### WHAT THE EXERCISE ASKS:
Nothing but the lines below from the first through the one with "Calaméo - Komatsu" should appear, printed exactly; please leave pictures out.

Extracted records

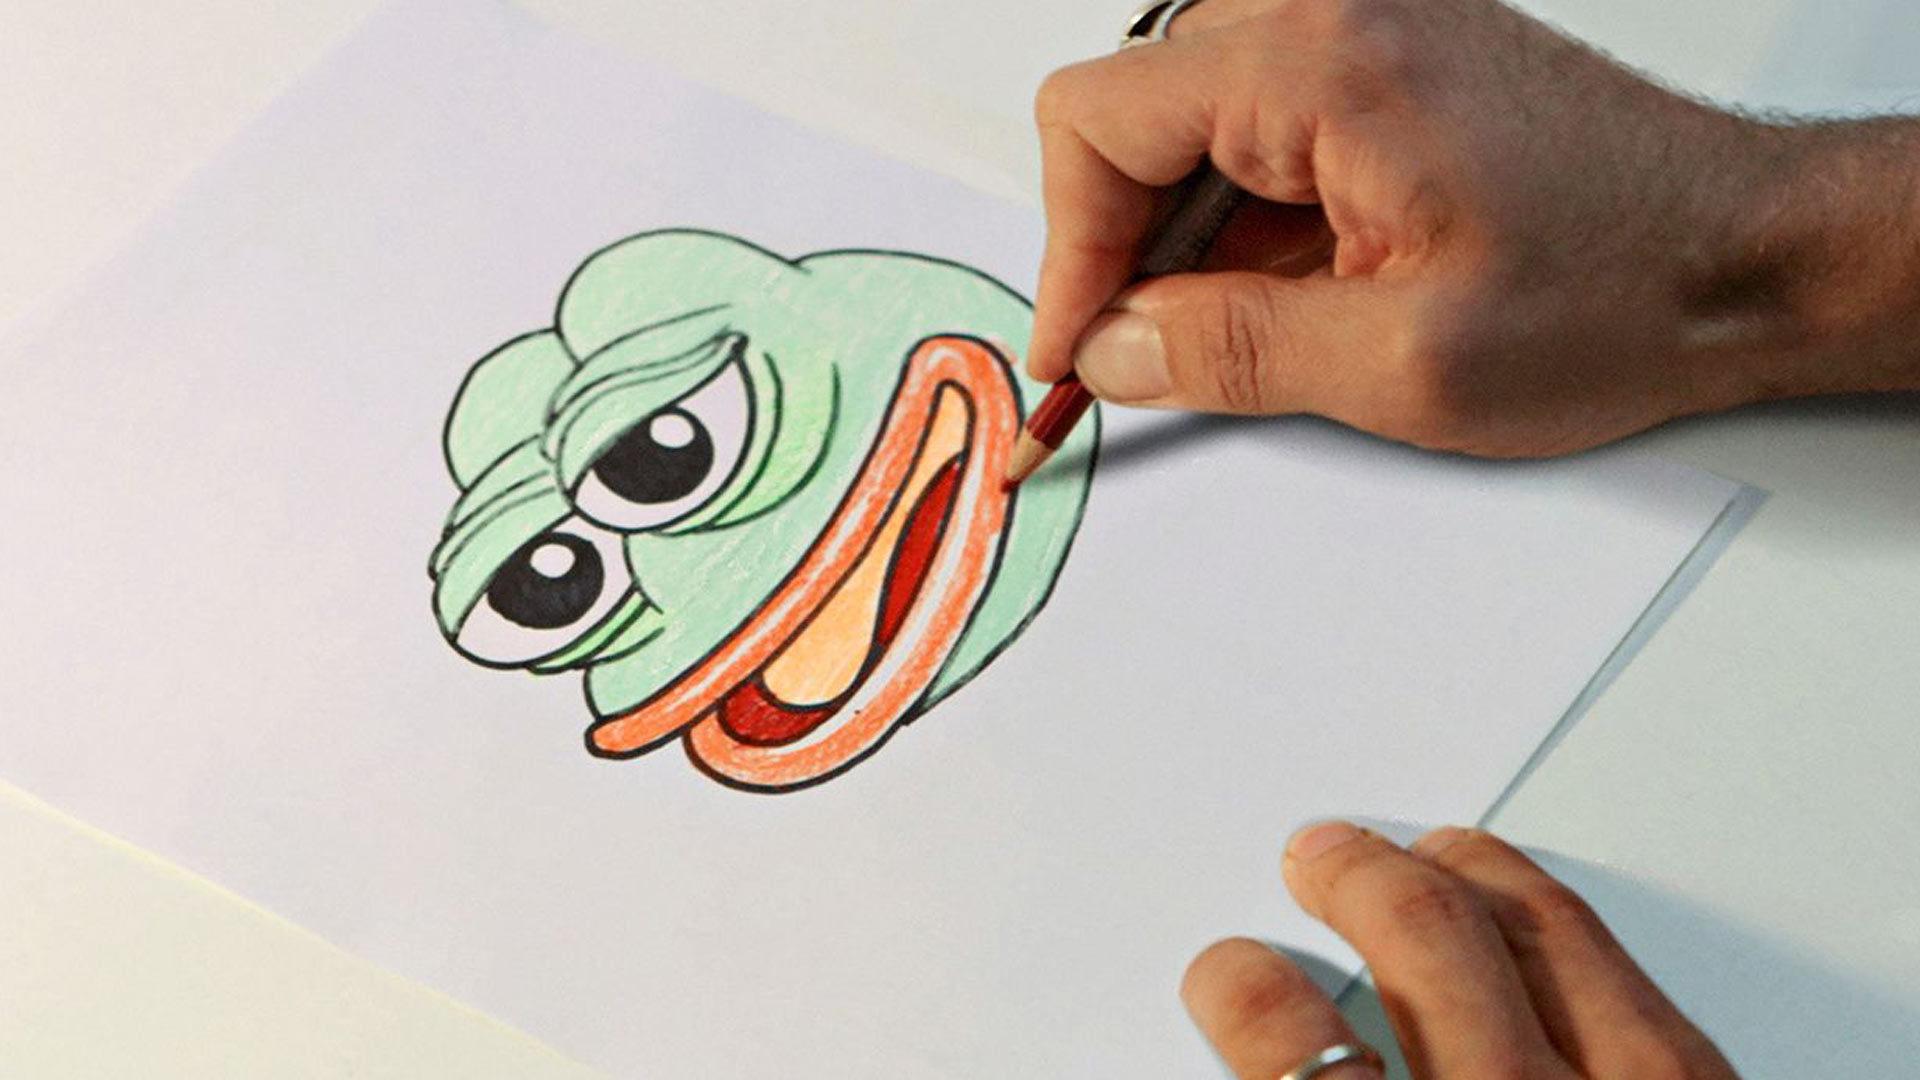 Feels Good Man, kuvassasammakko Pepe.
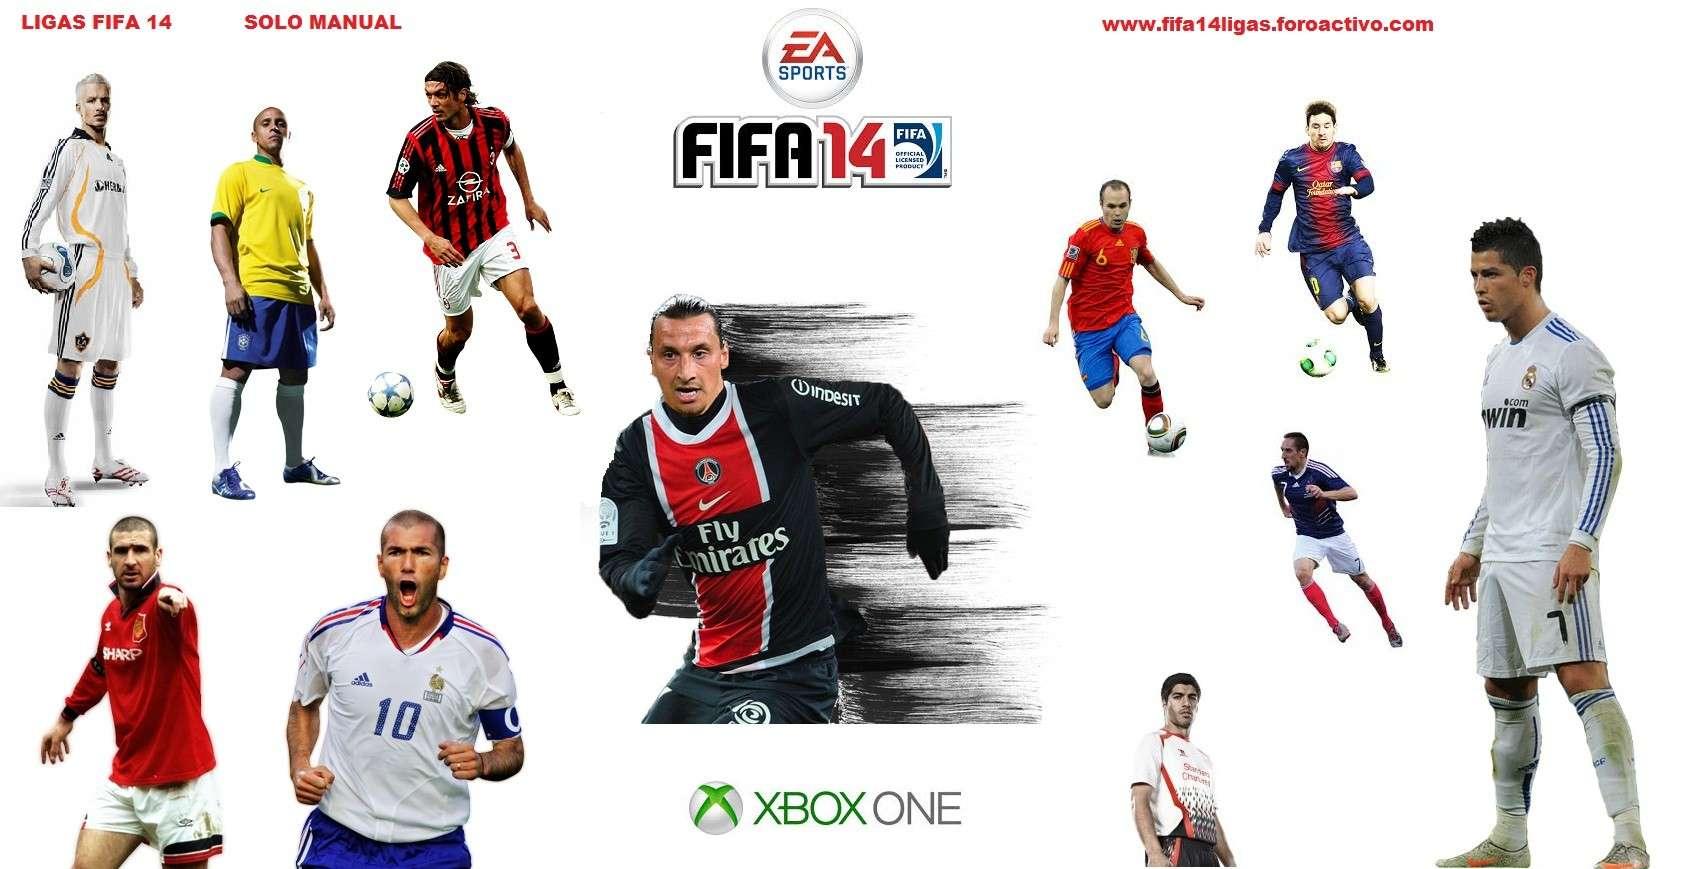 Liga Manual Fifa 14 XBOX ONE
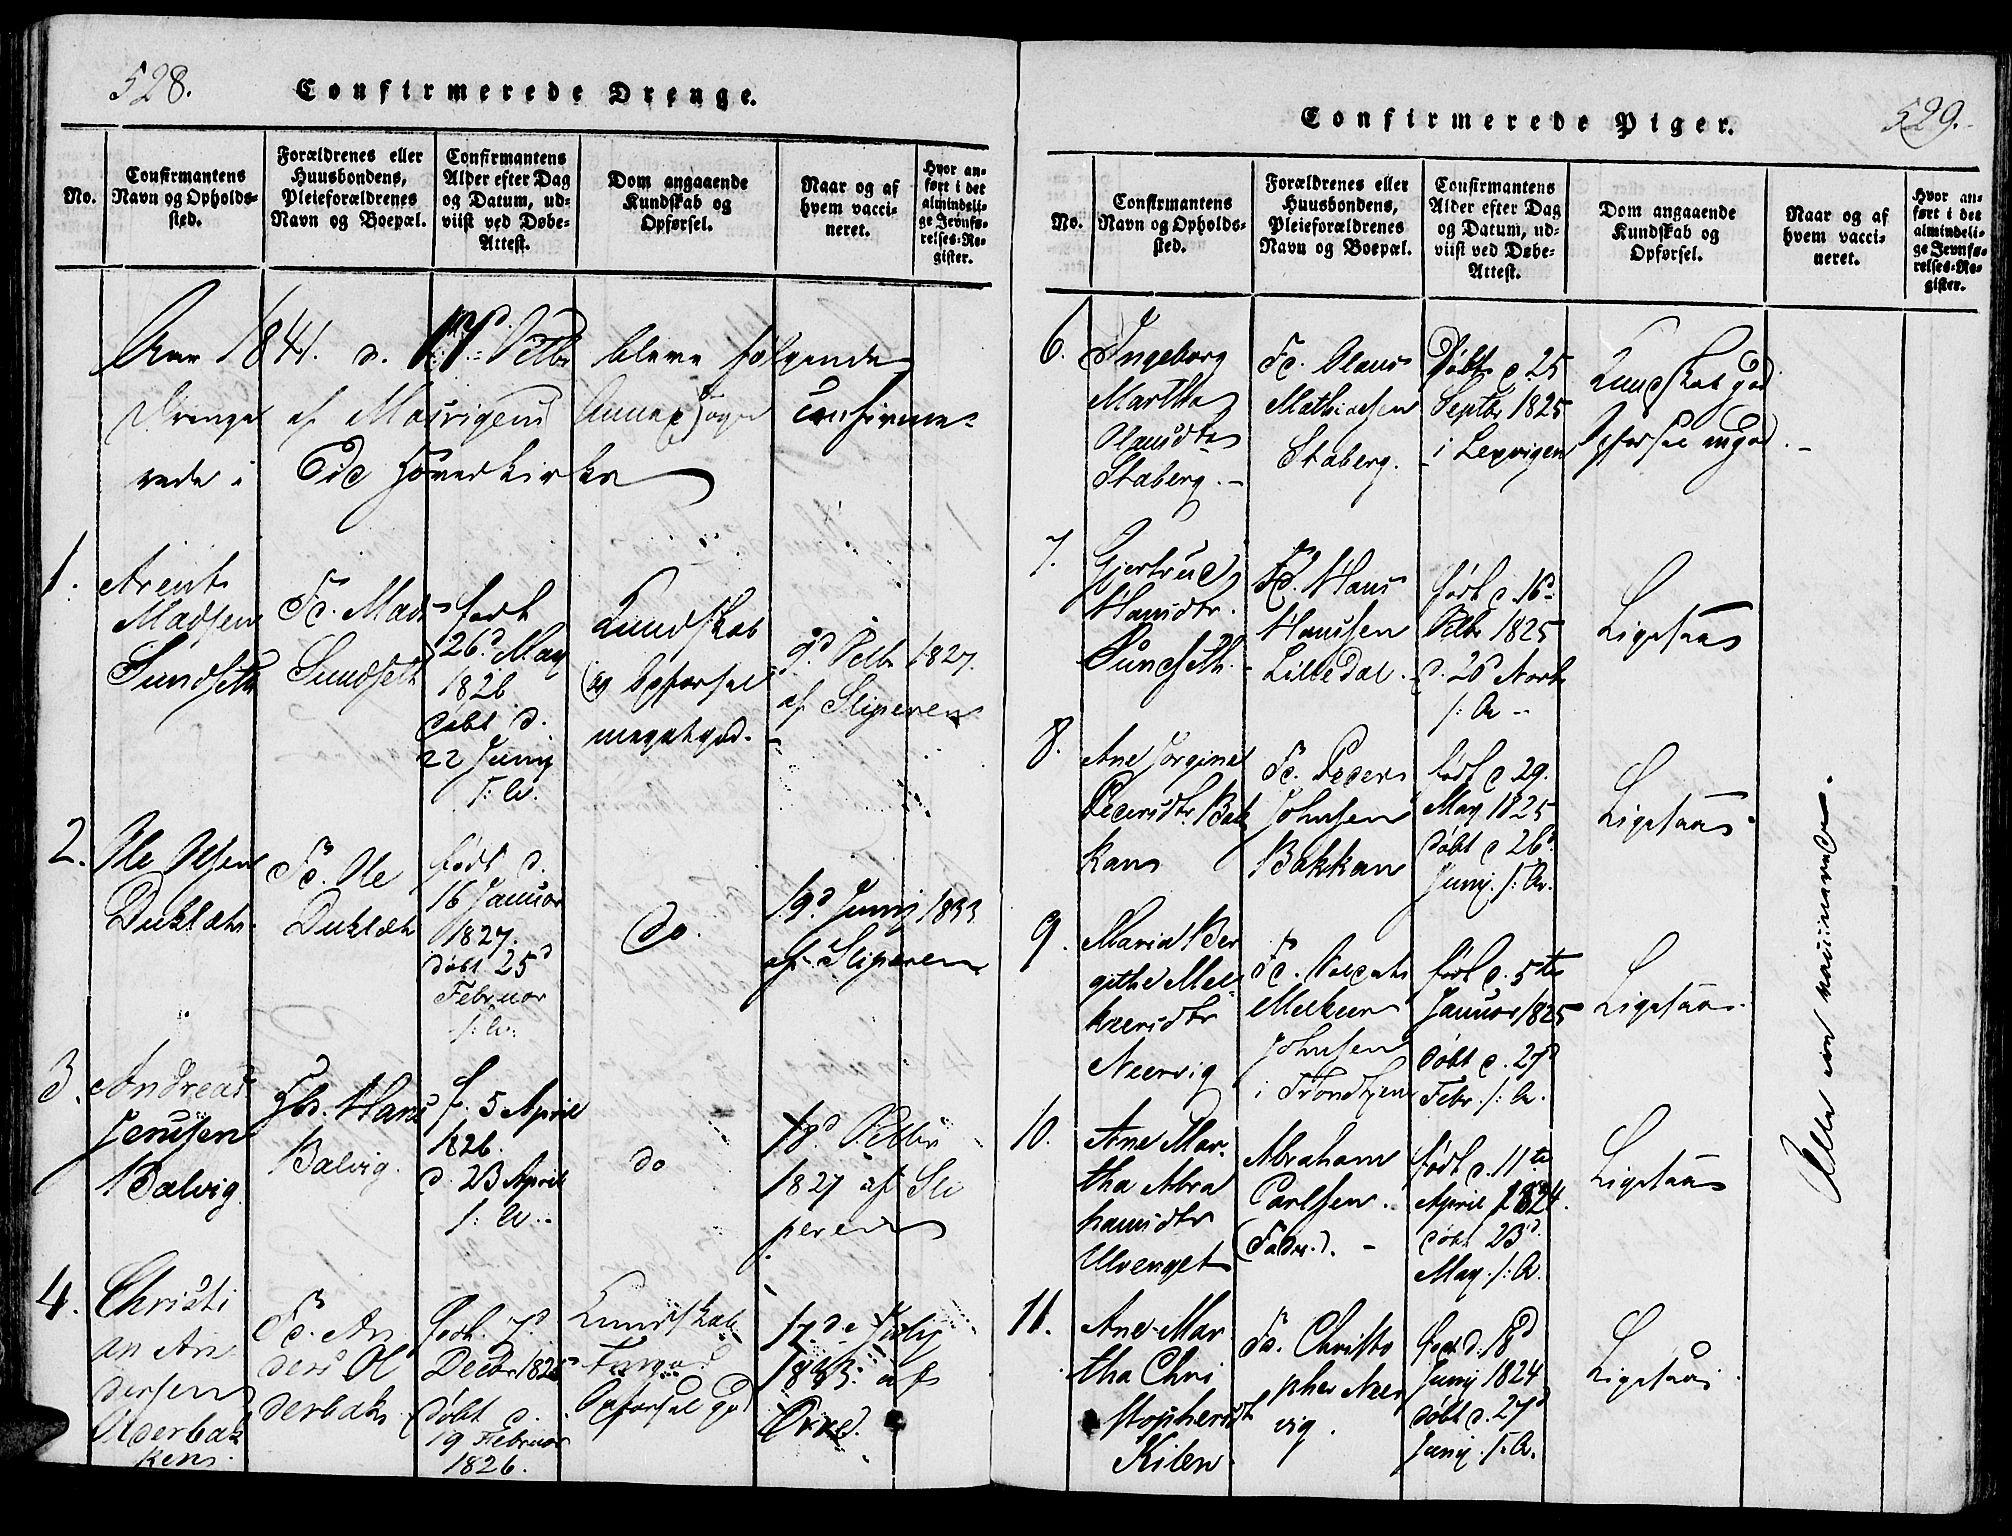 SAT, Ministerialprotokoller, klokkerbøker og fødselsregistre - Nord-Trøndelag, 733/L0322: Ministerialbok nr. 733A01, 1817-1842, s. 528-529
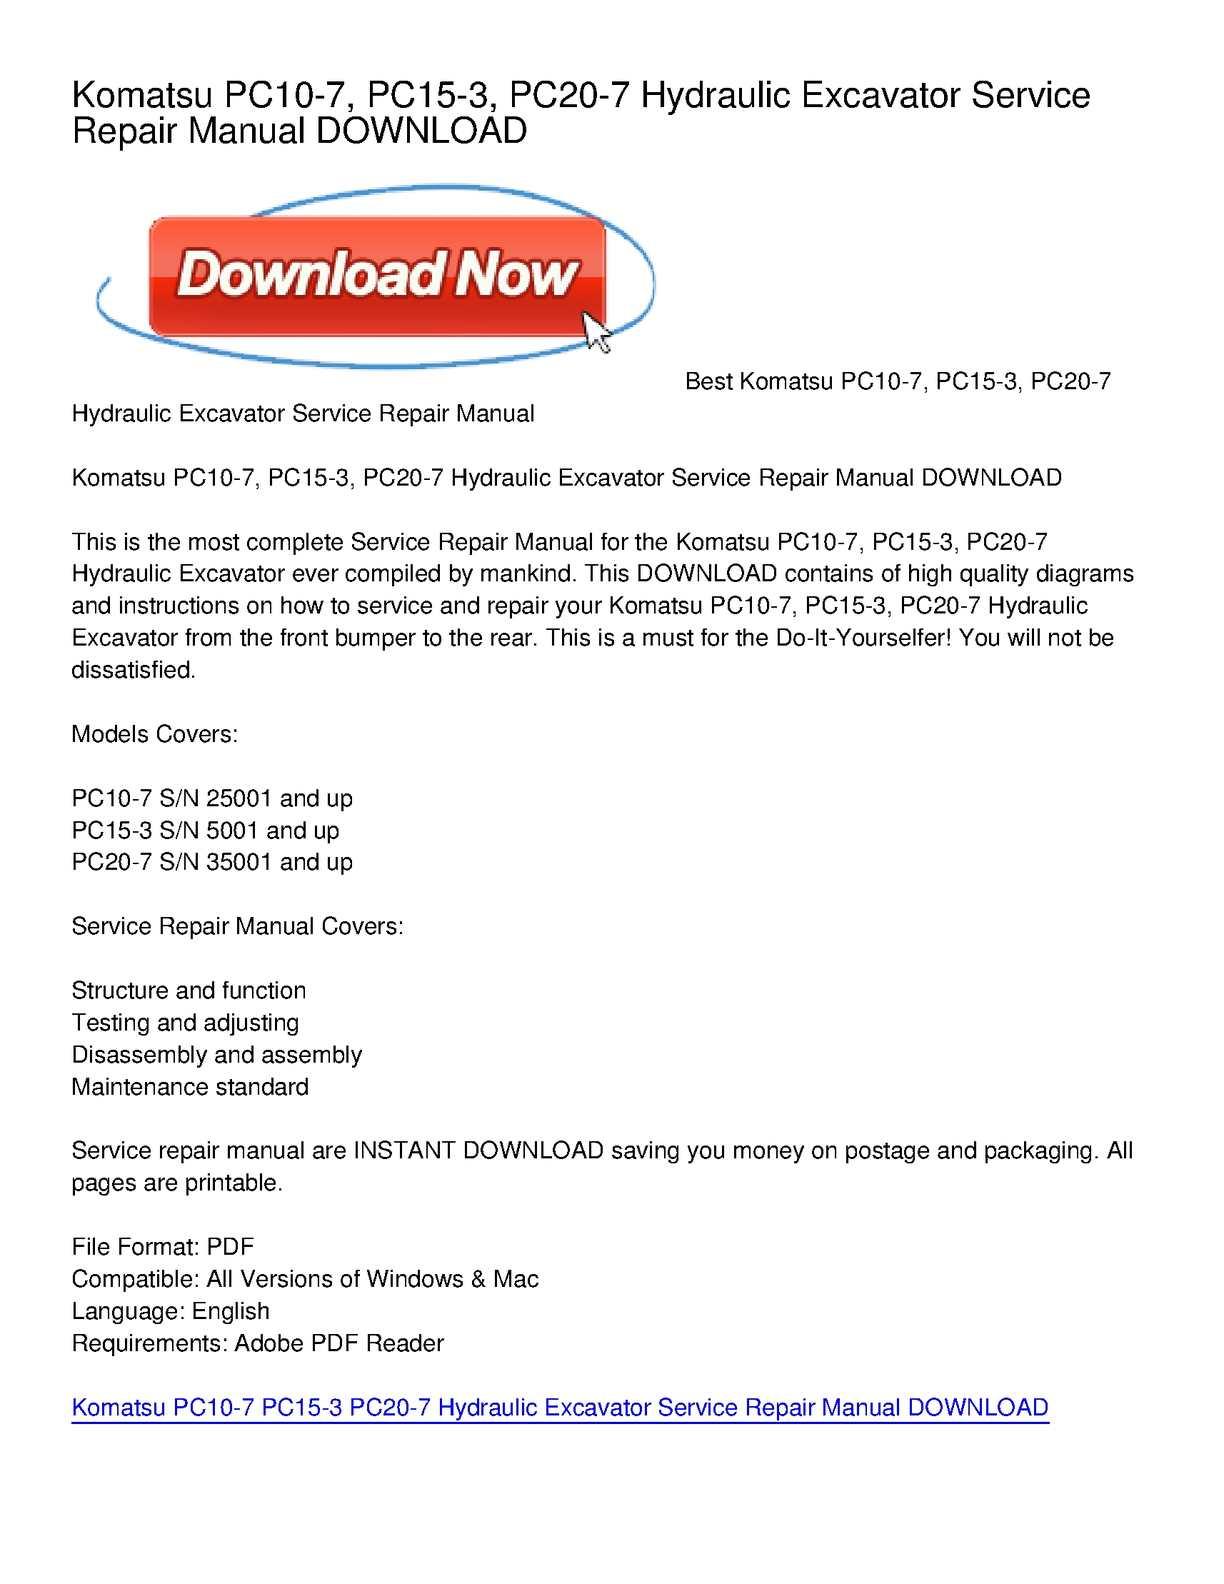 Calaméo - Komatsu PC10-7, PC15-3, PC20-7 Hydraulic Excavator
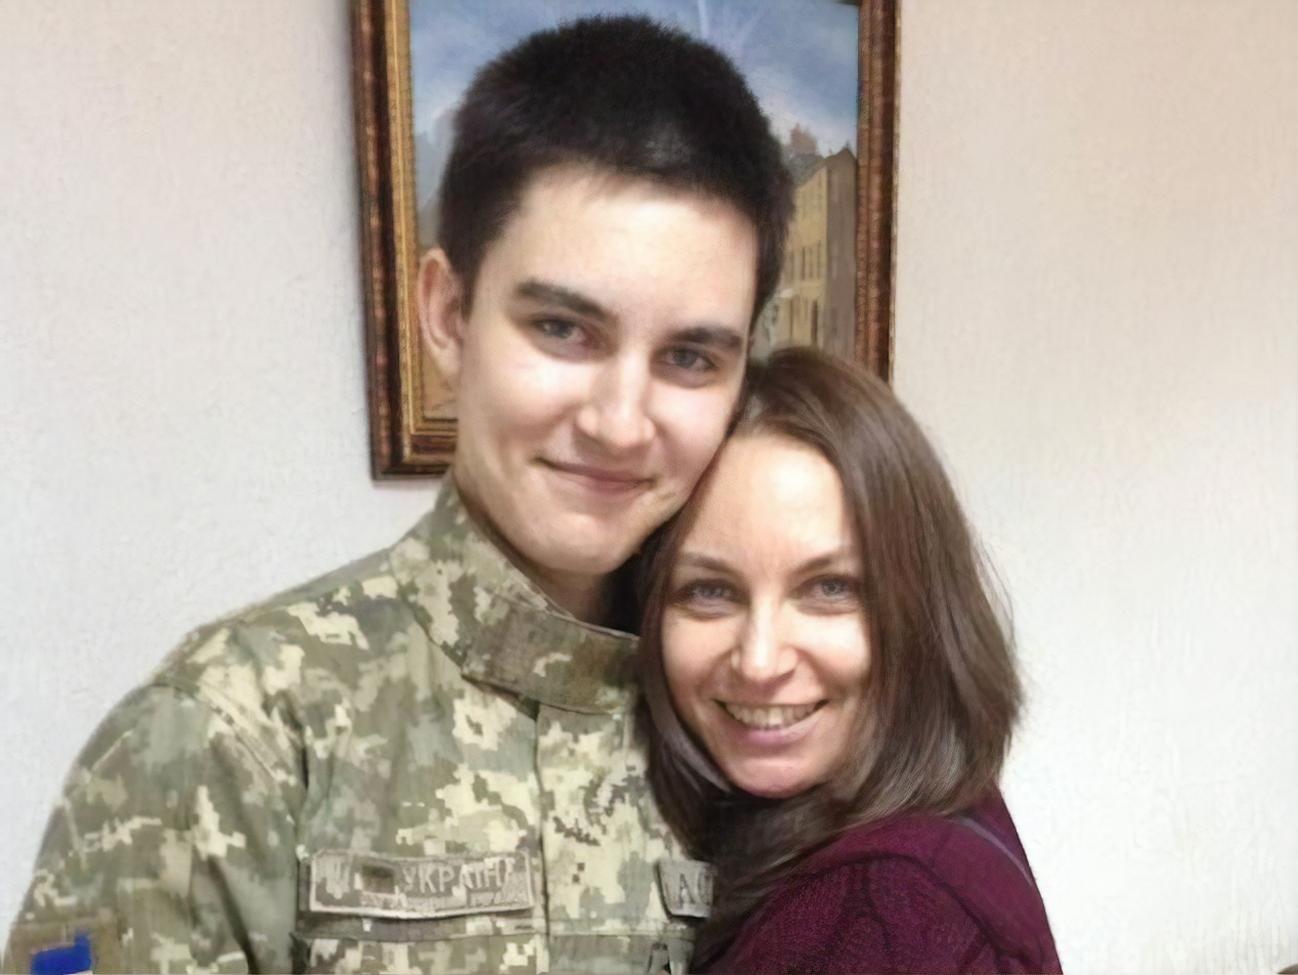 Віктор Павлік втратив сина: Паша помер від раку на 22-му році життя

### TASK RESULT:
 Feels Good Man, kuvassasammakko Pepe.
 Liga Manual Fifa 14 XBOX ONE
 SAT, Ministerialprotokoller, klokkerbøker og fødselsregistre - Nord-Trøndelag, 733/L0322: Ministerialbok nr. 733A01, 1817-1842, s. 528-529
 Calaméo - Komatsu PC10-7, PC15-3, PC20-7 Hydraulic Excavator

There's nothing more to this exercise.